A level 10 grey orc barbarian 6/fighter 4 using Core + Complete Warrior + Orc web enhancement can do;

2d6 (greatsword) + 20 (2h'ing etc) + 30 (Leap Attacking Power Attack) + 6 sword enh and gloves of war x2 (Heedless Charge) for an average of 124 on a charge, at +23 to hit, unbuffed. Then he gets to bullrush, and if he can make them reach a wall by any diagonal, then they take 4d6+30+10. Then he can full attack for the same amount next turn.

This is without any real optimization, and is on a barbarian chassis. By this level, clerics are turning huge (GOMU GOMU NO DIVINE POWER DESU) and wizards are rewriting reality and reading the future in tea leaves. Duskblade can, a limited number of times per day, do 50ish damage relatively easily.
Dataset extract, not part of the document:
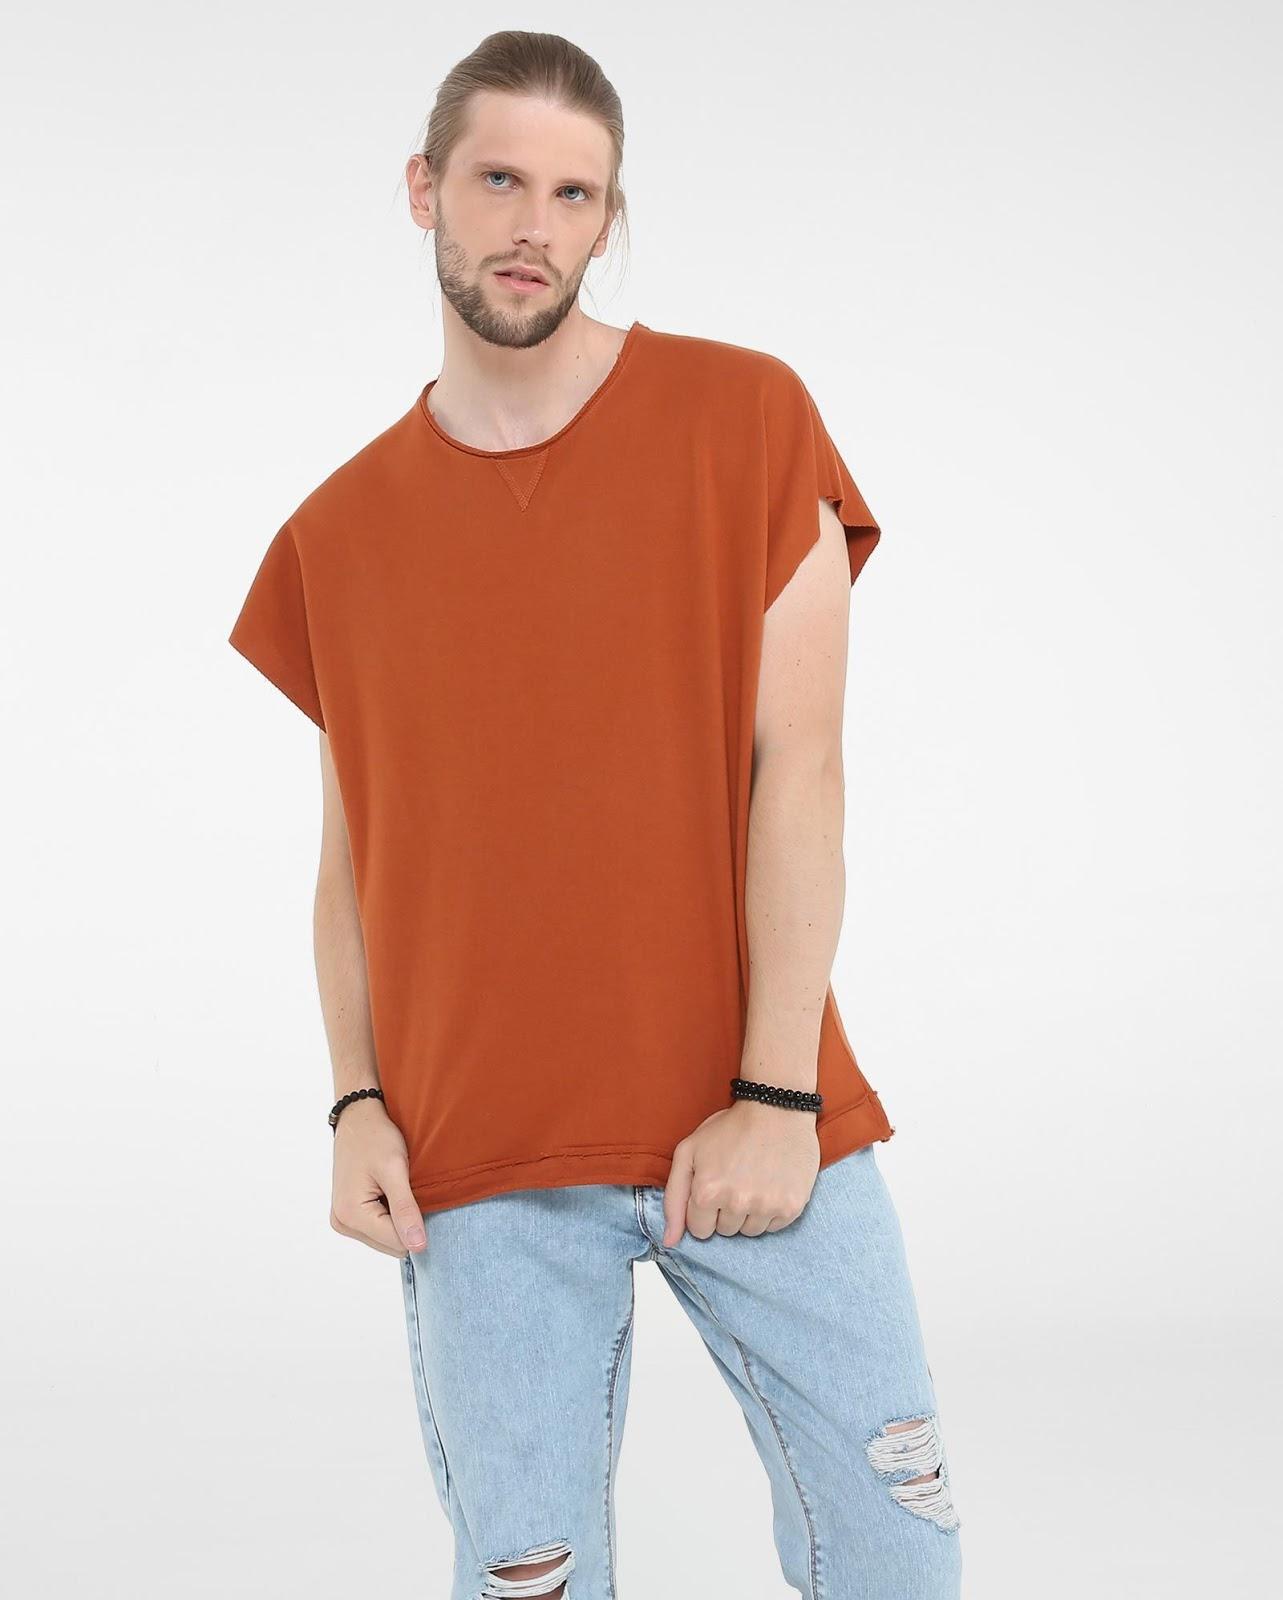 LEO KLEIN - KADU DANTAS PARA RIACHUELO - Camiseta Ampla Moletinho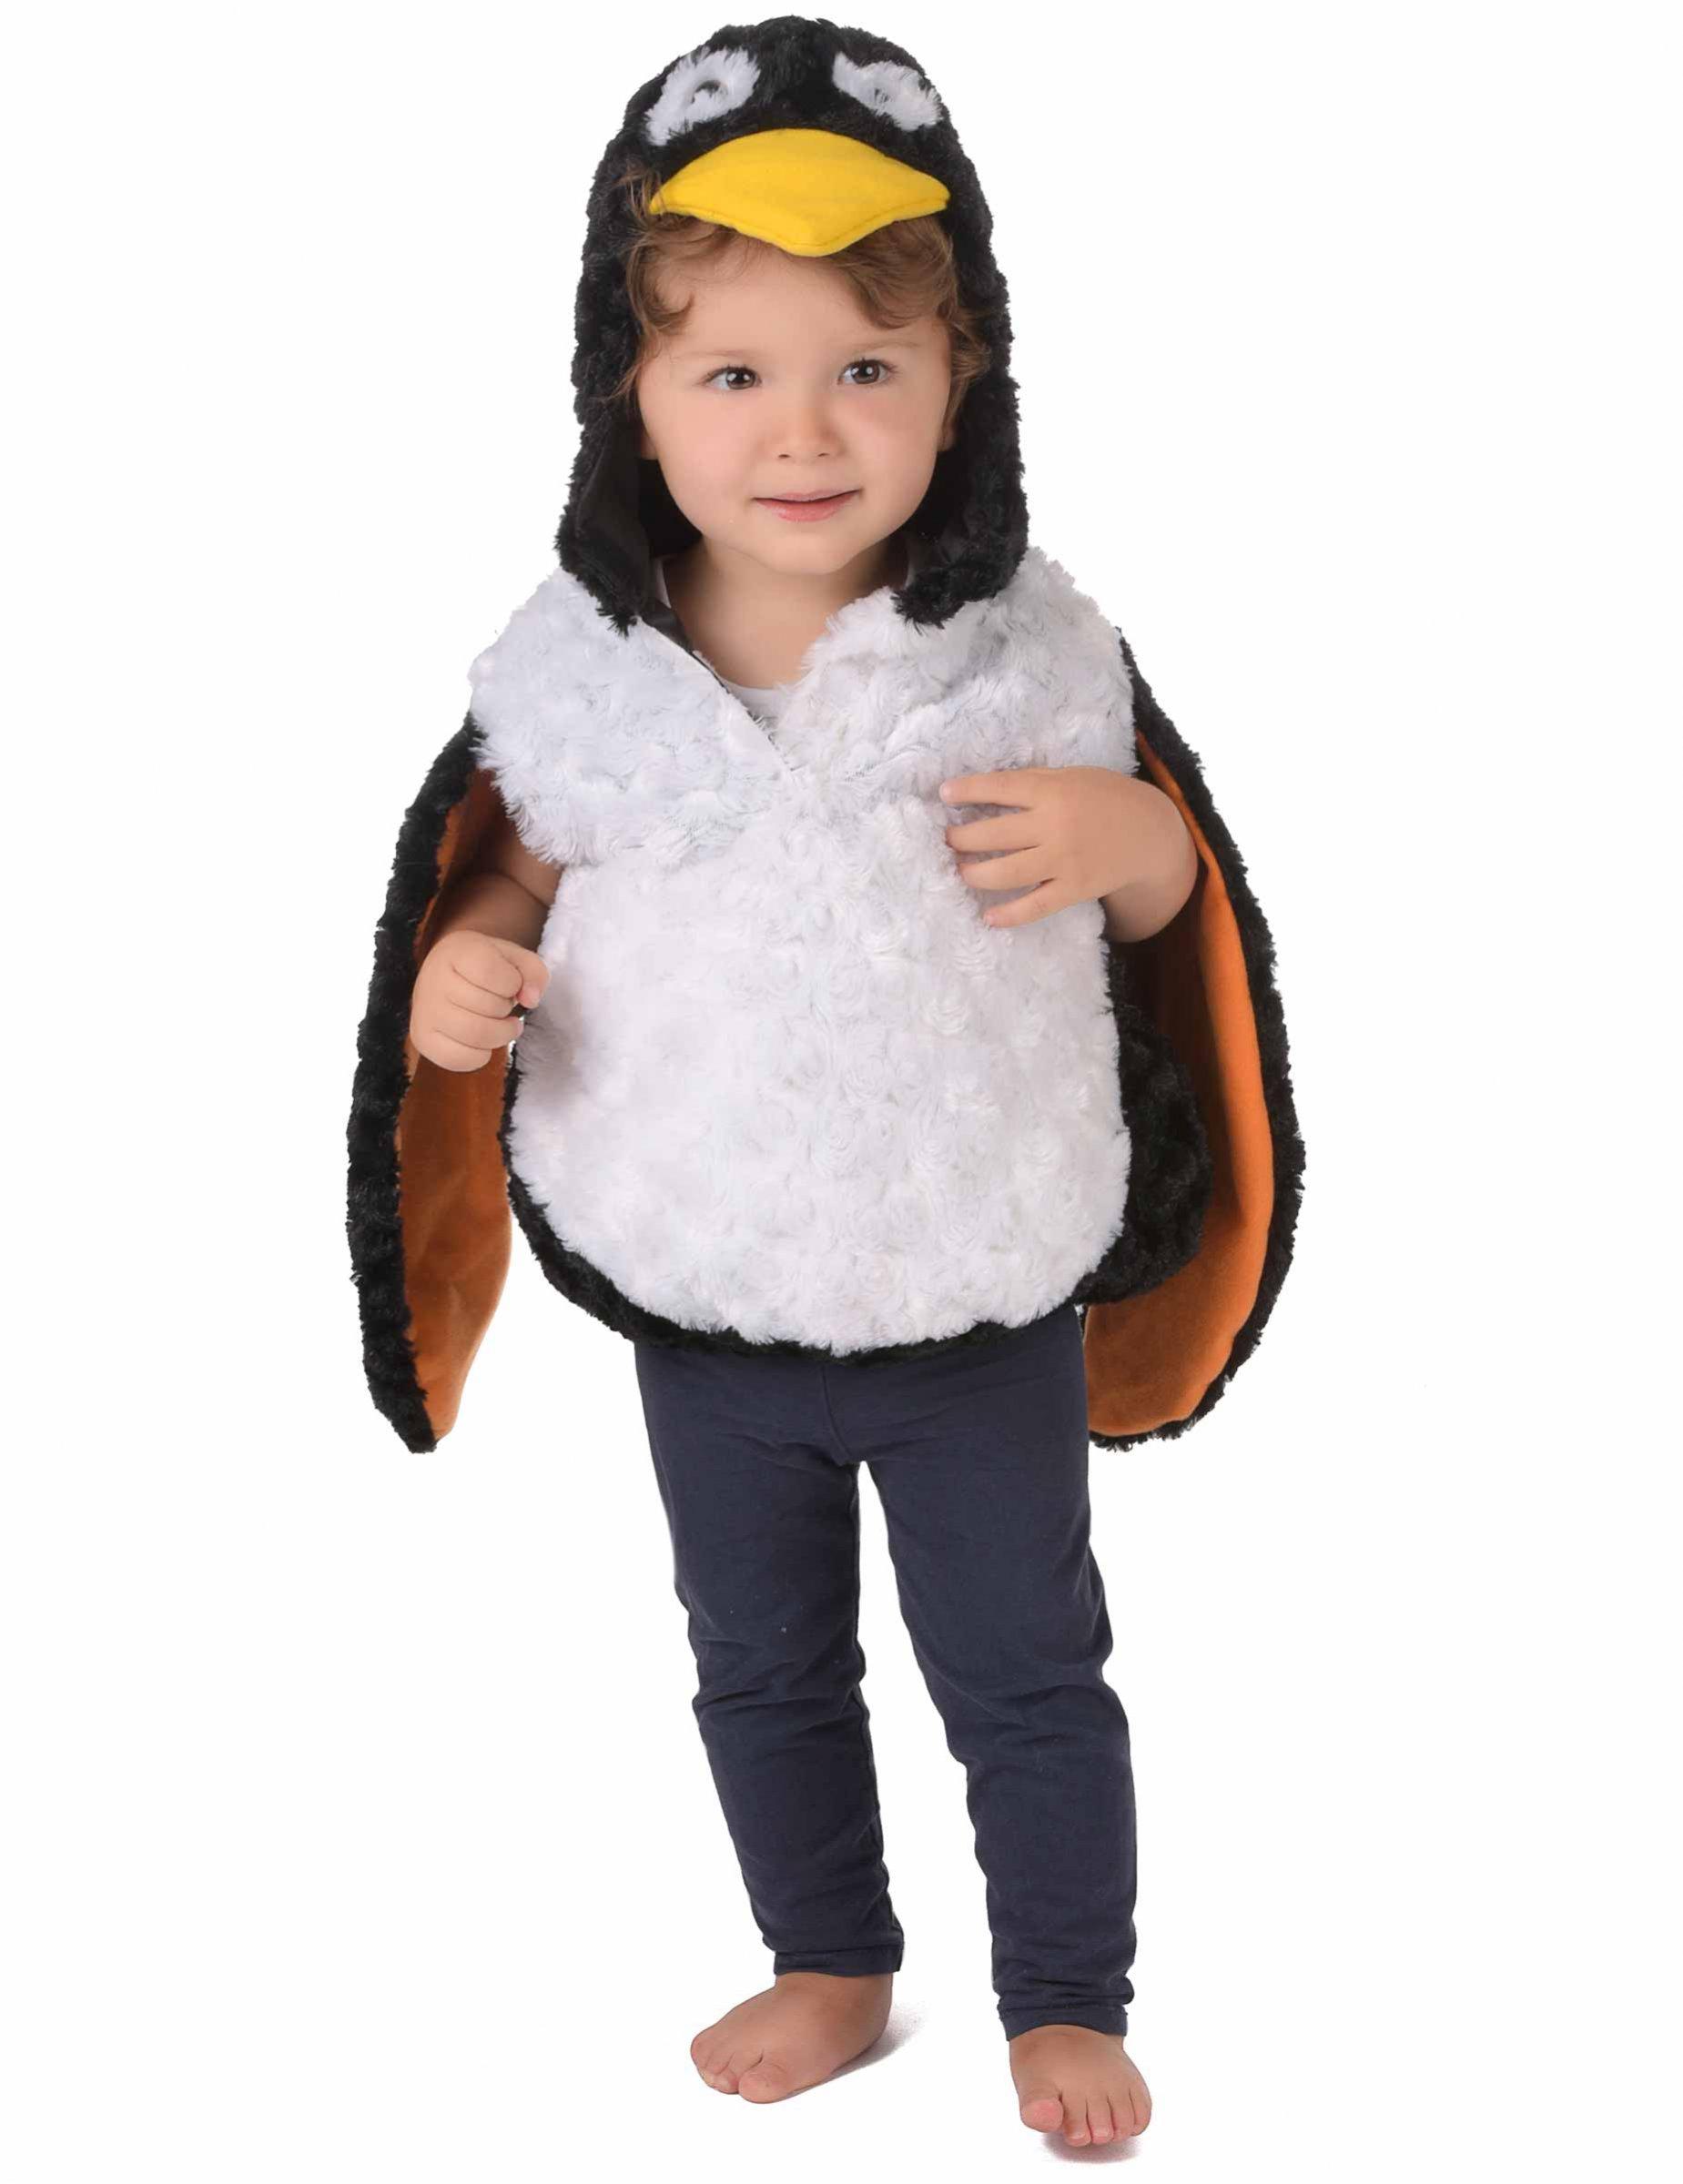 warmes pinguin kost m f r kinder kost me f r kinder und. Black Bedroom Furniture Sets. Home Design Ideas

i never said it was a perfect method for doing damage. according to many my character is not 'optimized' either. having said both of those however, the duskblade gets some things that orc barbarian doesn't. the duskblade has spells which means when i do my full combo i am guarenteed a hit. i can also fall back on the spells i have at range. yes i am much less effective with just the spells but i don't HAVE to close.

now i am not going to argue that a properly played barbarian can kick out huge amounts of damage over the duskblade. however, that wasn't the point at all. in fact your post is completly not related to the intent of the OP. this was about some variety of combat caster. now hold on let me check my books right quick. . . . . . . nope not finding ANY spellcasting for the barbarian in any book.

this player has a specific vision of how he wants his character to function. we should be trying to work within the framework he has given. so while i have no problem conceding that your little barbarian work up can out damage me in its limited field, it has no bearing on this discussion and should instead have its own thread.

My point was that the Duskblade loses steam in comparison to both melee characters and caster characters at levels above 5. You contested my point with an example. I stated an example in opposition. My example was not attempting to state that the person who started this thread ages ago should play a barbarian, but simply that in comparison to a barbarian, such as one that might be found in the prospective player's party, a duskblade is mechanically weaker, since it relies on a per/day mechanic, and does less damage as a melee combatant even so. My suggestion was to use a class that is NOT mechanically weaker than your average melee character found in a DnD party.